Chapter 10. From Monitoring to Observability

As I’ve shown so far, I hope, breaking our system up into smaller, fine-grained microservices results in multiple benefits. It also, as we’ve also covered in some depth, adds significant sources of new complexity. In no situation is this increased complexity more evident than when it comes to understanding the behavior of our systems in a production environment. Very early on, you’ll find that the tools and techniques that worked well for relatively simpler single-process monolithic applications don’t work as well for your microservice architecture.

In this chapter, we’ll look at the challenges associated with monitoring our microservice architecture, and I’ll show that although new tools can help, fundamentally you may need to shift your entire mindset when it comes to working out what the hell is going on in production.
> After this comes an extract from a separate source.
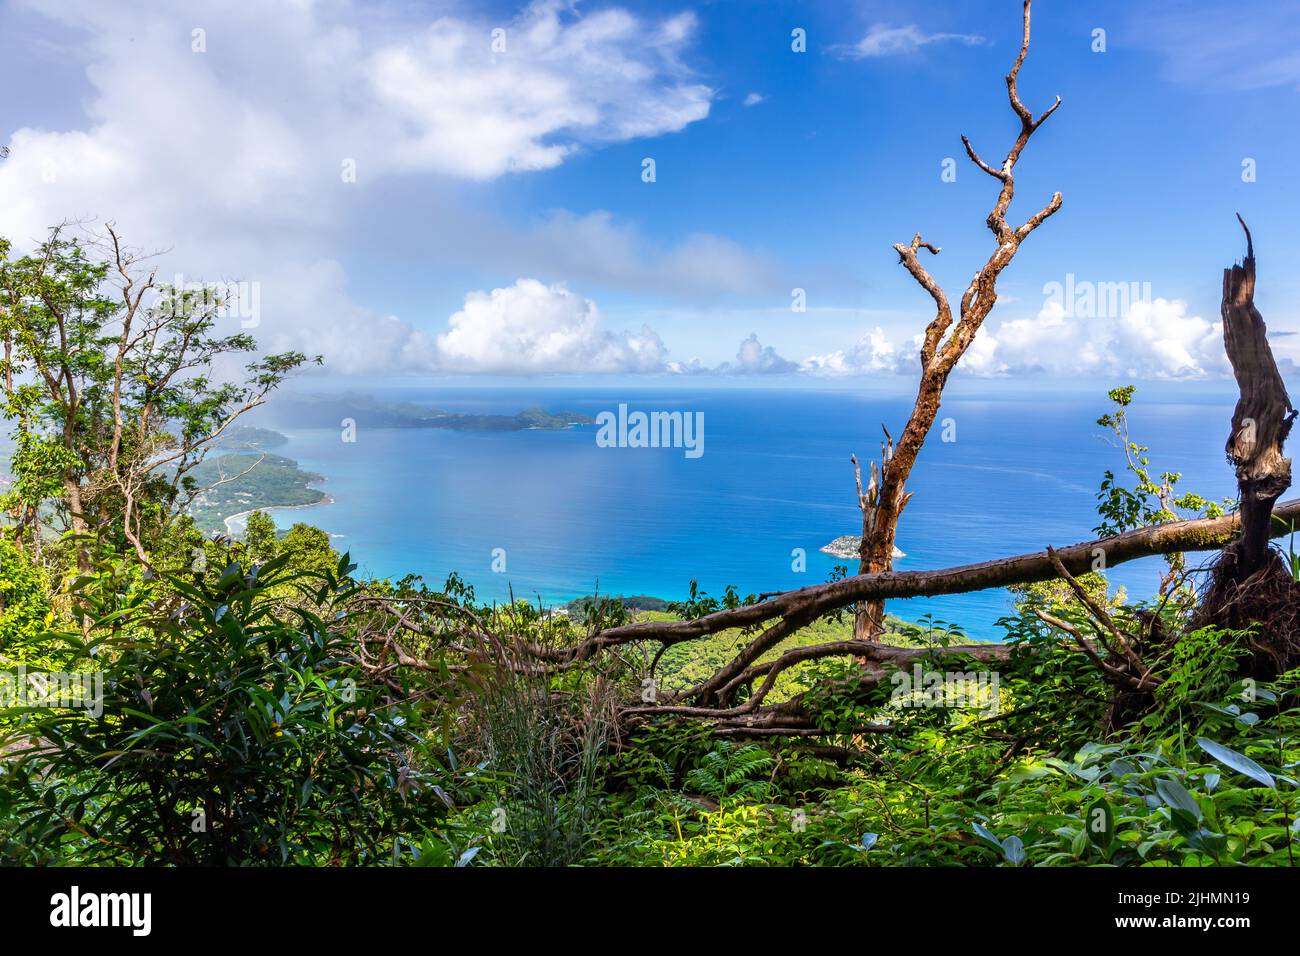 Landscape of Mahe Island, Seychelles seen from Morne Blanc View Point with lush tropical vegetation and crystal blue ocean. Stock Photo

We’ll also talk about the increased focus on the concept of observability—understanding how to make it possible to ask questions of our system so we can work out what is going wrong.

Production Pain

You won’t truly appreciate the potential pain, suffering, and anguish caused by a microservice architecture until you have it running in production and serving real traffic.

Disruption, Panic, and Confusion

Picture the scene: it’s a quiet Friday afternoon, and the team is looking forward to slipping out early to the pub as a way to start a weekend away from work. Then suddenly the emails arrive. The website is misbehaving! ...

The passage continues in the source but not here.